Sonya hurried out to meet Tad Muller, a tall red-headed woman who always wore bright red lipstick and her hair swept up and back. Tad was a painter; her muses were cowboys and dogs. Two of her paintings hung in the guesthouse, one of a young boy, eight or nine, in a too-big cowboy hat and slim jeans bunched under a big belt buckle at his even slimmer waist, a lasso in his gloved hand. The other was a rear view of a cowboy mounted on his horse looking over his shoulder and beyond the frame. He had a spectacular ass. So did the rodeo cowboys in a series of 1950s black-and-white photos hanging on the opposite wall. At a gallery in town, an artist had painted cowboys as if in stained glass, the folds of their jeans each a pane of indigo. “Did you see the butt one?” the gallery owner had asked Sonya, out wandering alone while Mitchell napped. “Cowboys have great asses, don’t they?” Sonya replied. The woman was very thin, in her 50s, platinum blonde, and she wore an ivory linen shift that hung, perfect and unwrinkled, to her ankles. Her lids were silver, her lips frosted pink. “We should all ride,” she said sweetly.
Sonya held the screen door open to Tad, who remained outside. “There’s a buzzard display, if you want to come see it,” Tad said. “They just got back into town.” It took Sonya moment to focus, first on Tad, and then beyond her, to see the birds in the sky above the dip between the two mountains viewed through the screen door, to stop listening to Douglas and Mitchell splashing in the tub and to understand what Tad meant by a buzzard display.
“God. They’re just floating,” Sonya said and stood still. Tad was gazing up. “It just–” the woman touched her fingers to her heart, “brings tears to my eyes.” She left Sonya standing there, walked the 22 steps up to her house above, and squatted on the crumbling cement retaining wall at the end of her walkway and watched, absorbed.

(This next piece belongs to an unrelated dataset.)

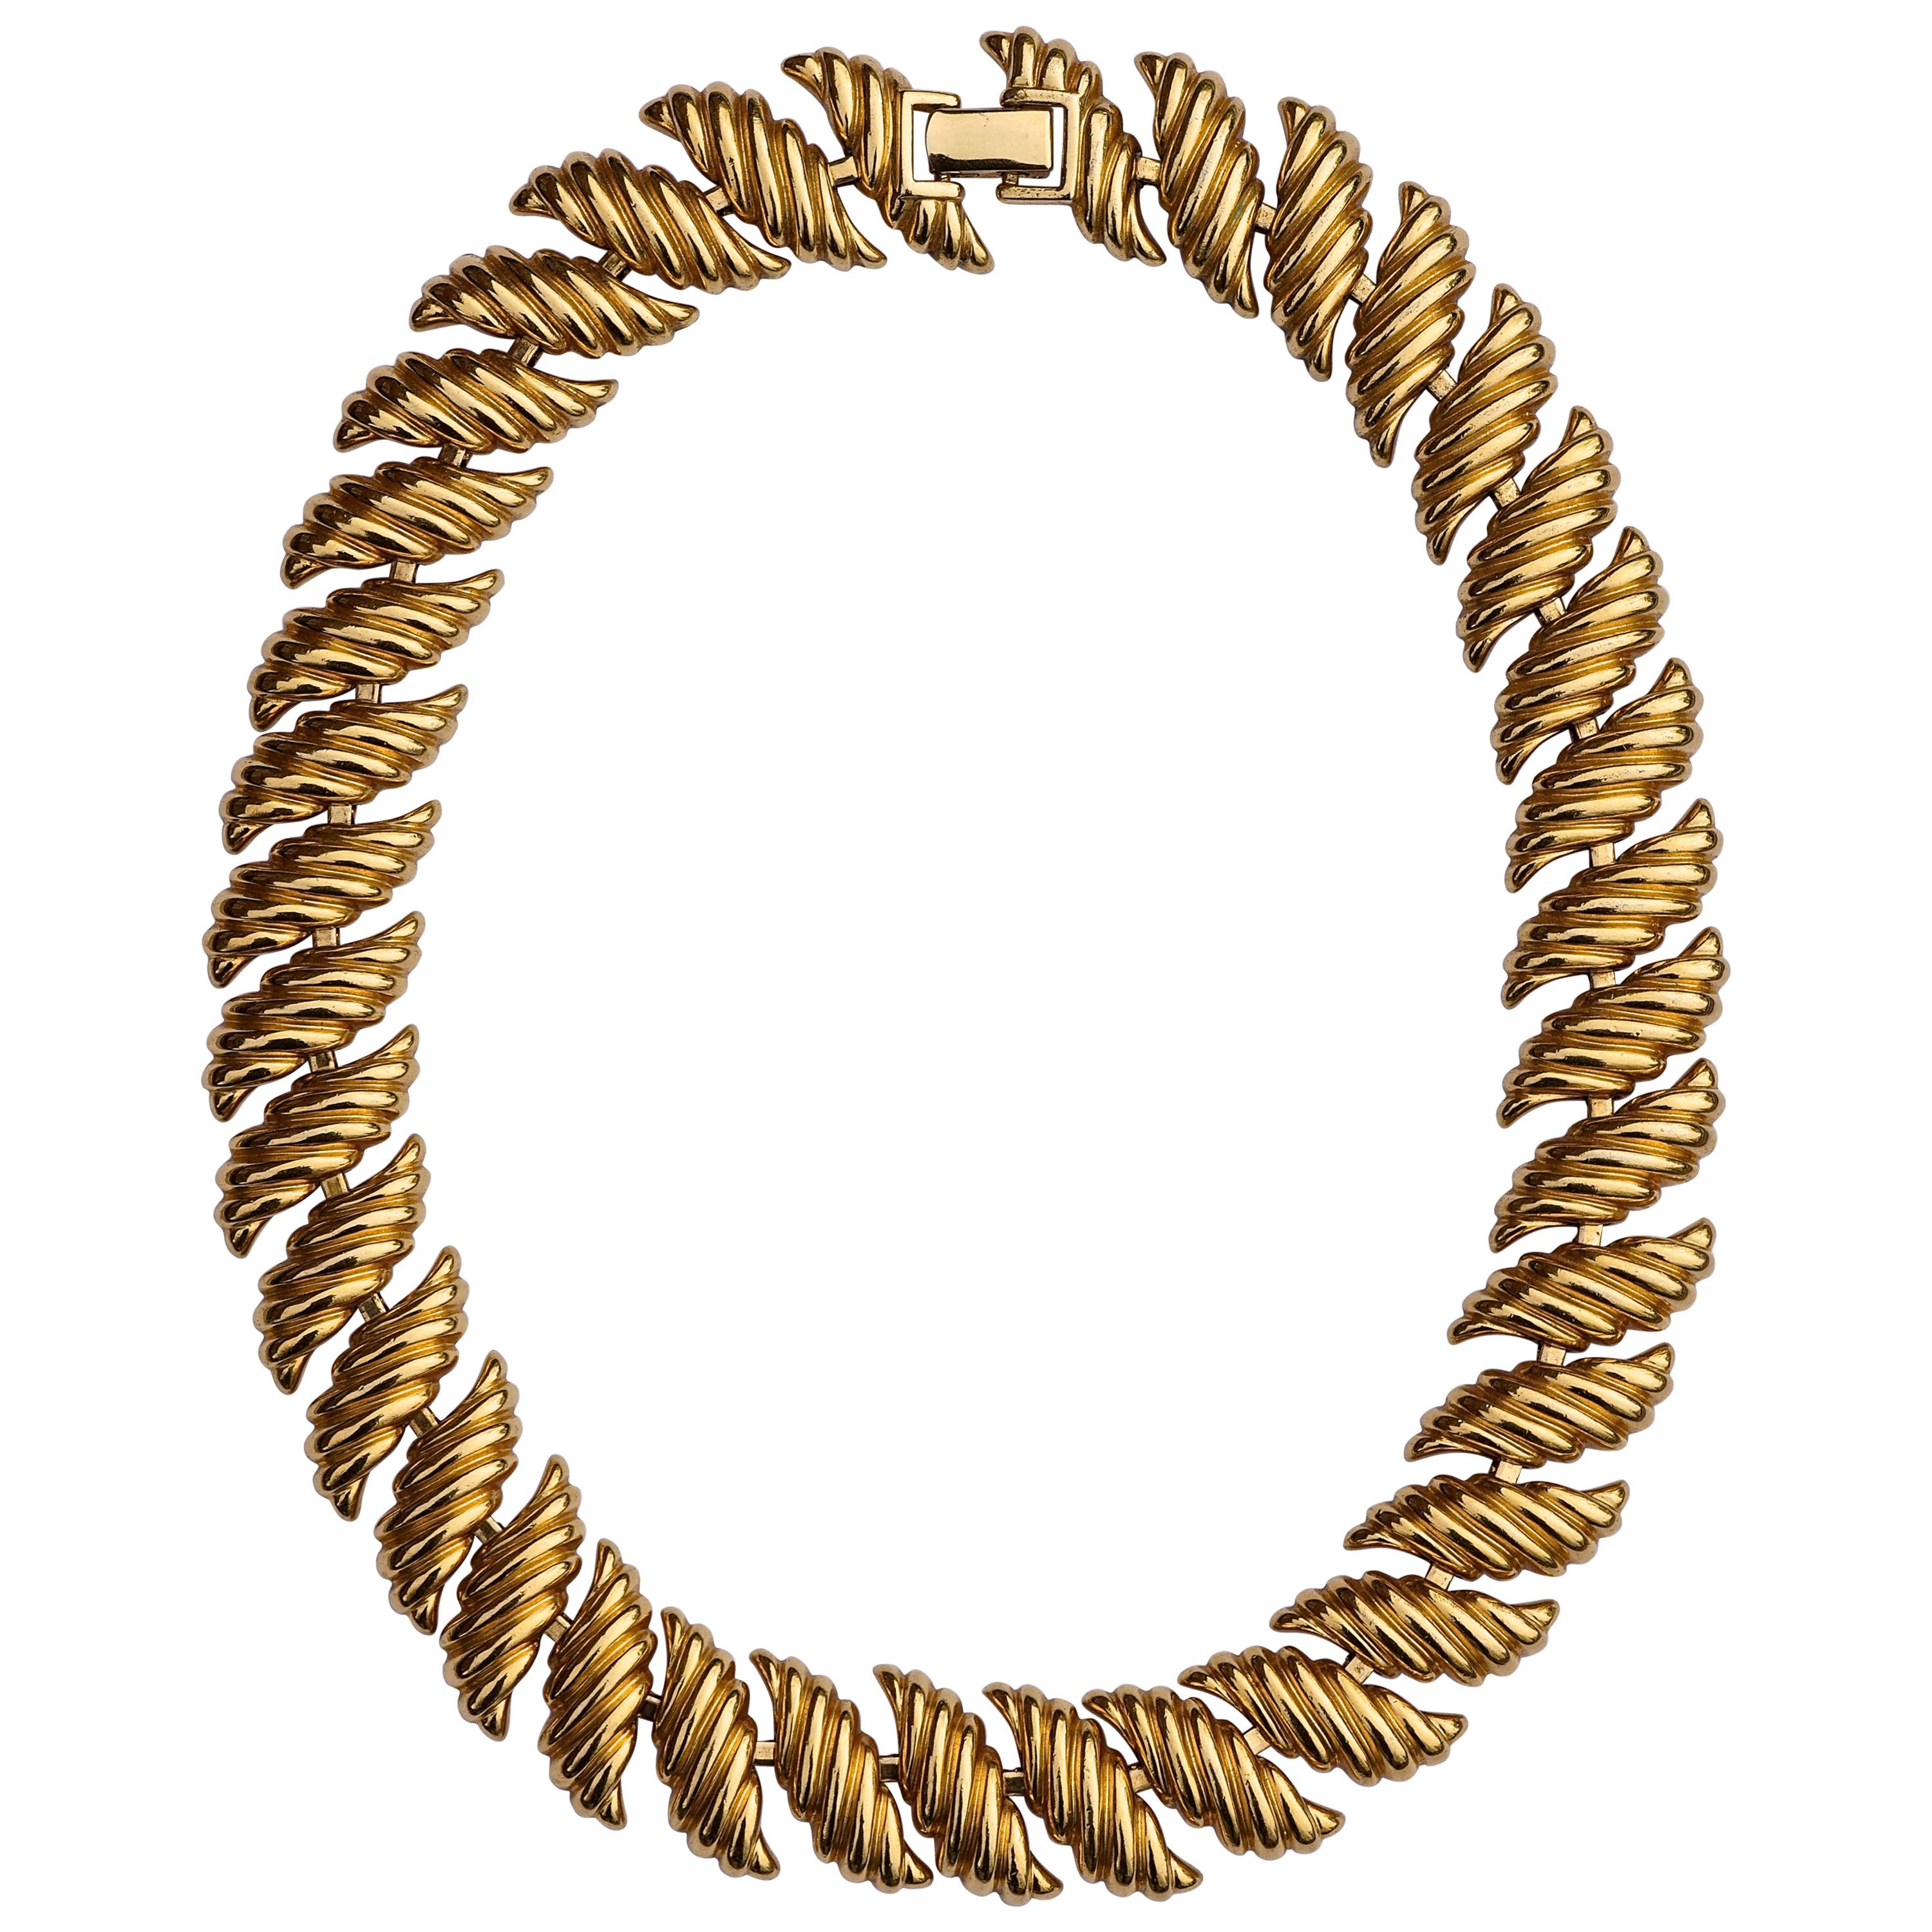 Napier Gold Plated Shiny Ridged Detail Link Statement Necklace circa 1980s

The buzzards numbered more than 20. Sonya released her shoulders and her brow, her jaw, which she usually clenched without realizing it. She tried to make a pattern of the birds as they braided the sky, weaving in and out, sometimes dropping and sometimes lifting, never predictable, never in time, yet always graceful. She was watching the fall and rise of air currents, Sonya realized, but it was more than that. The birds’ wings were outspread, their hearts bared in their breasts and buoyed by the dusk, the cooling air. They flapped their wings at uneven intervals — it was not as perfect as a painting or a poem. Their dance was sporadic and yet it was still a dance. They were beautiful not because they didn’t know they were beautiful but because they were doing what made them happy.
Suddenly Sonya felt nagged by Mitchell’s bedtime fast approaching and went back inside. “It was Tad,” she told Douglas, naked in the cloudy bath water, his receding hair wet, his eyes crimped at the corners, his half-tanned-half-pasty arms handing her their perfect little son. “Baff. Baff. Daddy. Baff. Mitchell. Baff,” Mitchell told her.
Douglas looked expectantly at Sonya, who shrugged. “She just wanted to show us some birds.”